Who are his favourite people now?

‘They’re here around me.

‘Heroes and idols are important when you’re a teen’, he continued.  ‘My wife and I and our little girl watched a lot of the Olympics.  The commentators were often talking about how nice it was to have good role models for two weeks, not vacuous, egotistical people and those famous for reality TV shows.  Looking at the sporting heroes, it was great.  My wife and I are already worrying about female role models for our little girl… going into toy shops and seeing the toys divided up by gender.  We thought it was good for her to see she could be anything she wants.  Role models are very important.’

How does it feel to be a well known face himself?

‘You have to change your life a little bit.  In the evenings, it can be tricky if people have had a drink.  Sometimes you wish you could change your face, but the pros outweigh the cons.  I’m a little bit worried about how the kids will be treated at school.  I find myself worrying about things that happen… fretting…  I have to check myself on that.’

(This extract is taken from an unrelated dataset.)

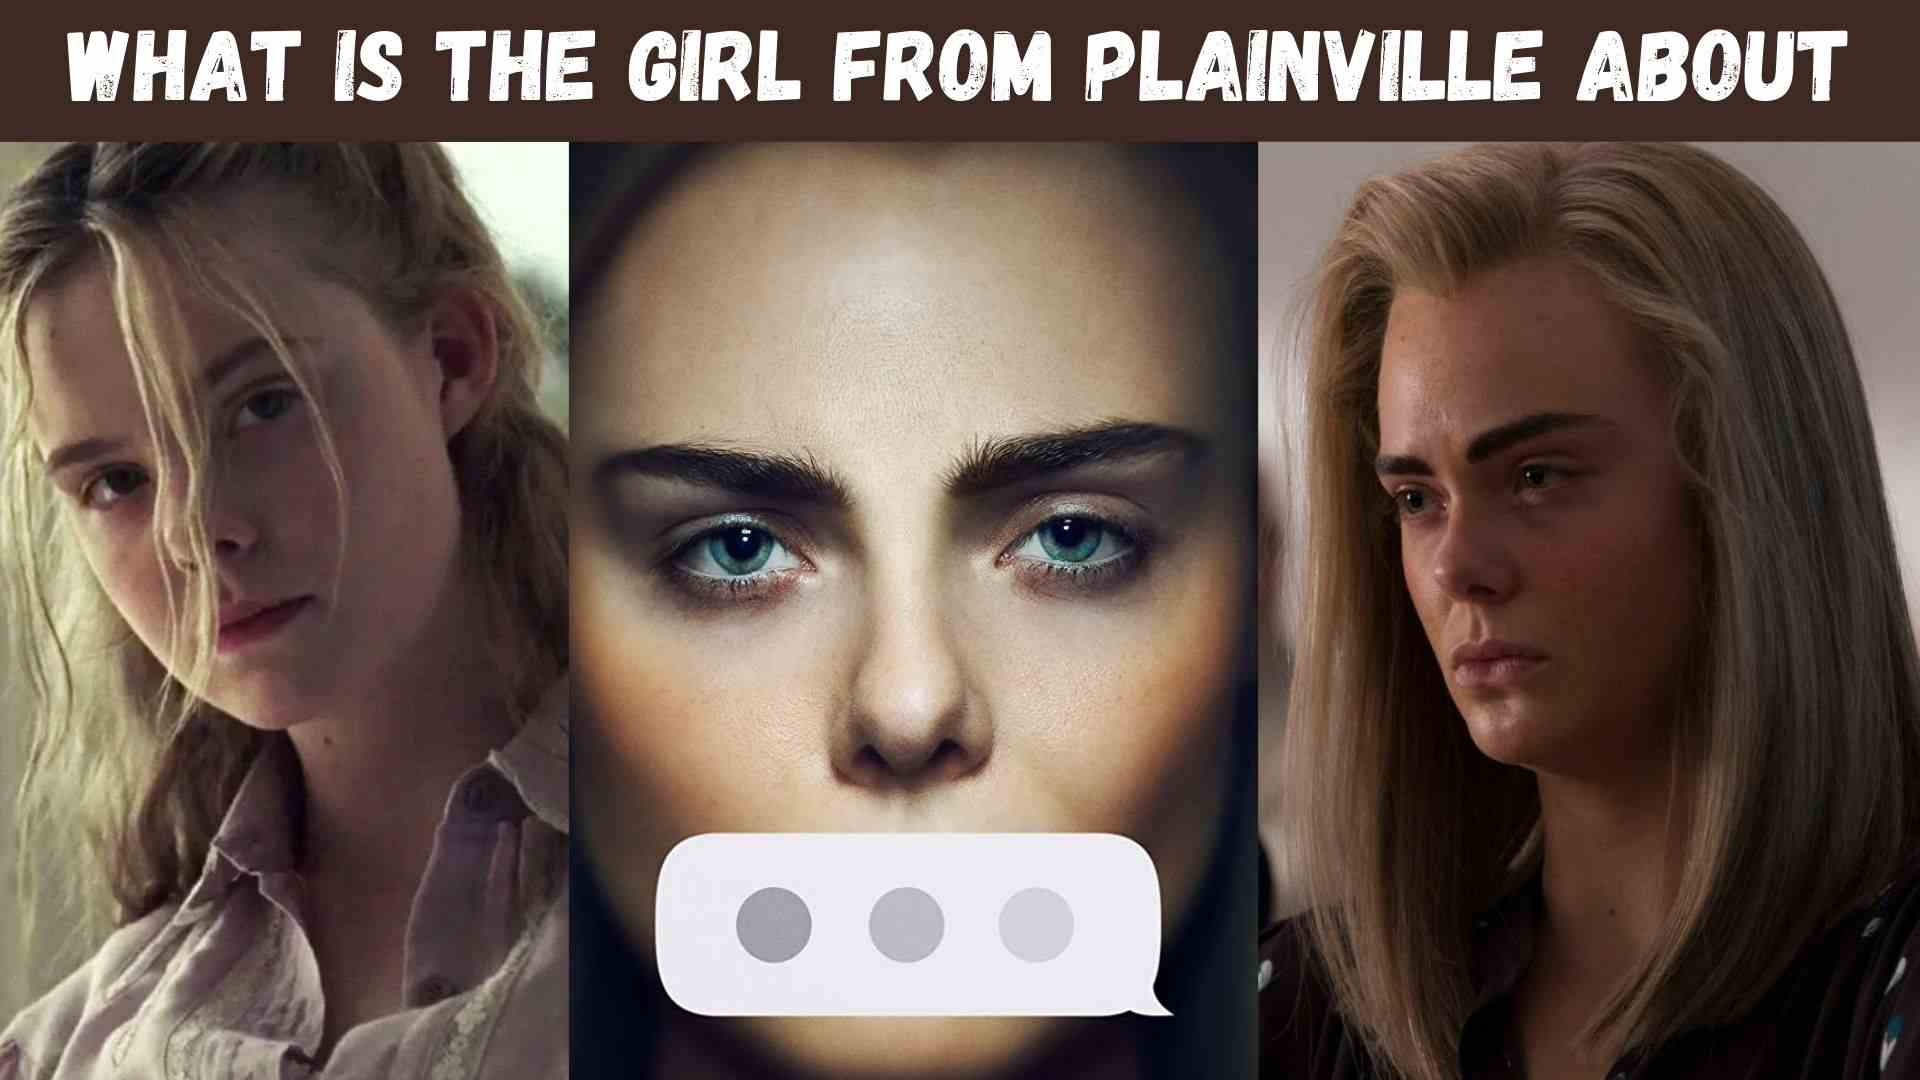 What is The Girl from Plainville about wallpaper and images

Does your little girl know she has a famous Dad?, I asked.

‘No.  I’ll keep that from her for as long as possible.’

And what does the near future hold for Alan Davies?

‘I’ve got the tour until Christmas, then in January, I’ll be filming a 90 minute one-off Jonathon Creek special episode.  New Zealand.  April to May, working on a new series of QI.. and then’, he laughed, ‘hopefully, a holiday.’

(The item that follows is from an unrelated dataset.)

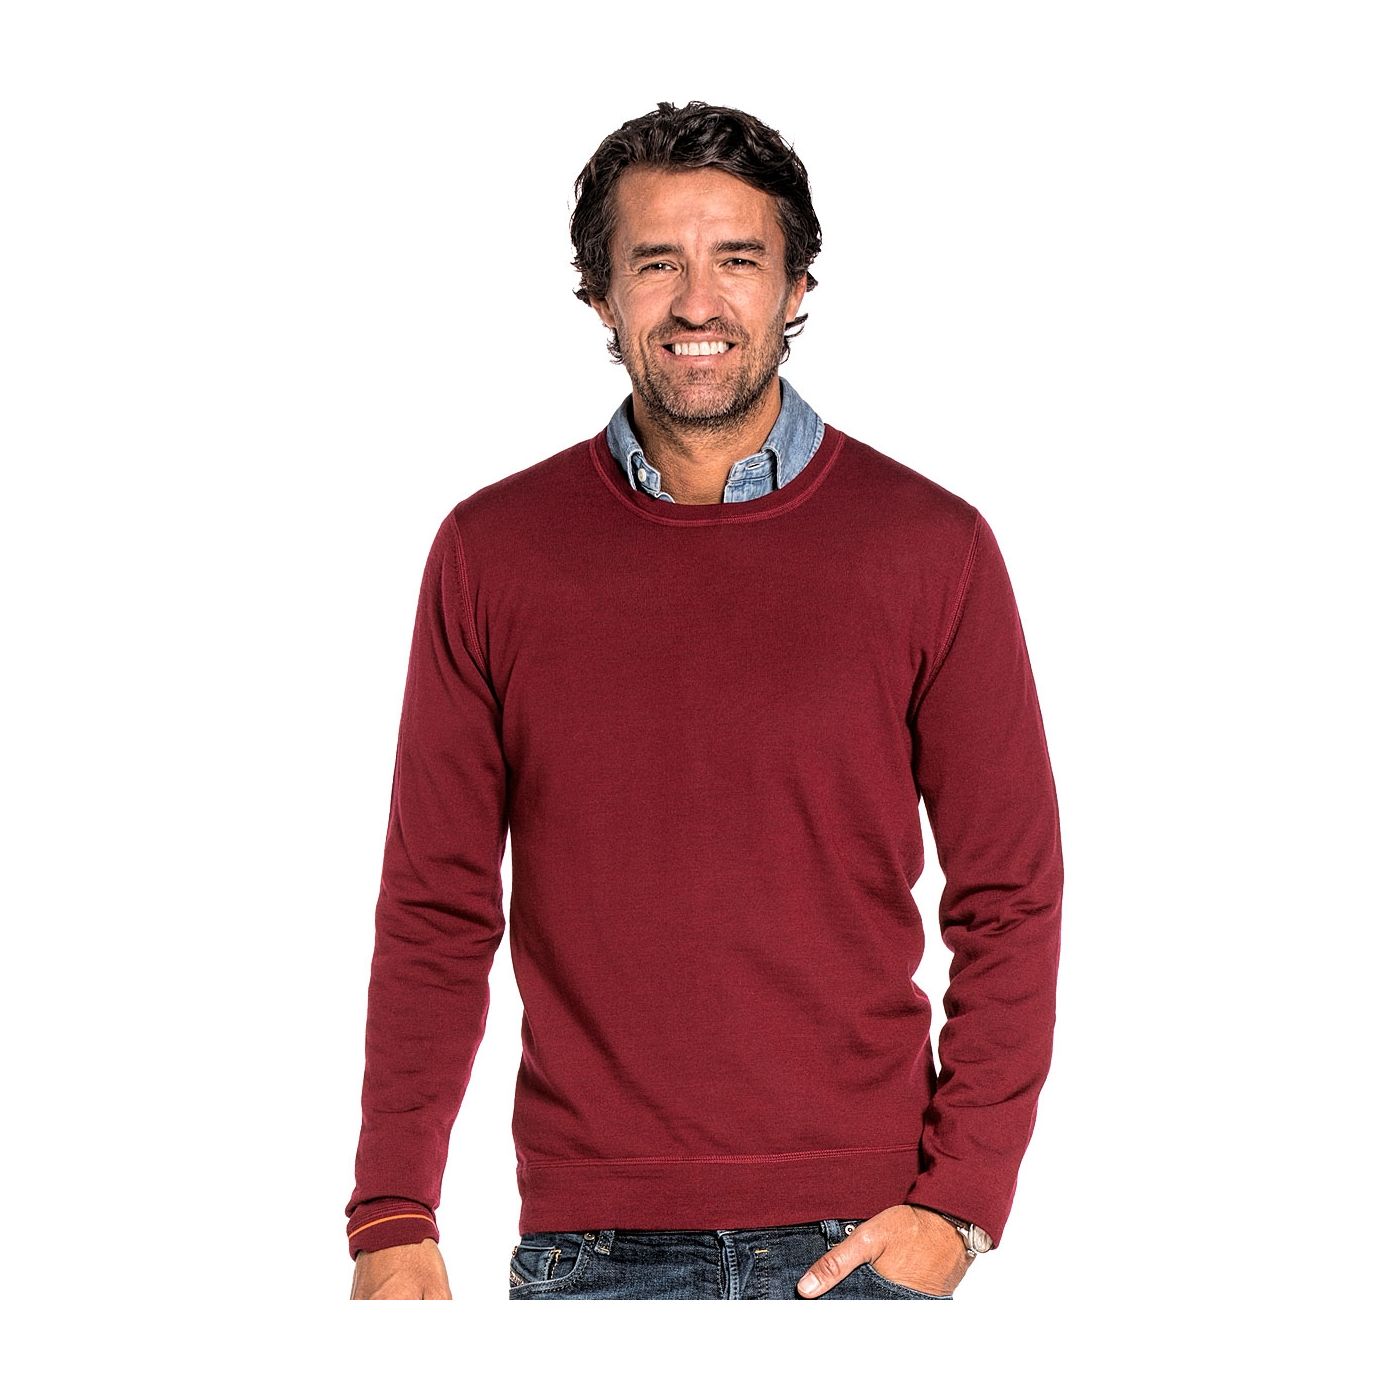 Crew neck pullover for men made of Merino wool in Red

You all look like you’re genuinely having fun on QI.  Are you?  What’s it like?

‘Very enjoyable.  We’ve got a lot more women guests now and have brought some new faces in. Keeps Stephen and I on our toes…  after ten years, we have to keep the show fresh.’

Finally, I asked him ‘why are you here, on the planet, at this time?’.

‘For my family.  Now I have children, I’m no longer here for any other purpose. My whole purpose is to get them to a stage where they can fend for themselves.’

A clear message about his current life priorities.

He came across as a softly spoken family man, dealing with life as it is, getting on and doing what needs doing, funny and thoughtful.  Someone you could have a laugh with if you could just forget the fact it was ‘Alan Davies’ you were talking to.

By the way, he’s a Hastings ‘virgin’, having never been here before.

And he uses Tresemme shampoo and has never had a perm.

And he Tweets.

Wednesday 14 November 2012 : Alan Davies, LIFE IS PAIN.
At the White Rock Theatre, Hastings.
The tour goes through til December 2012 – plus three dates in February 2013.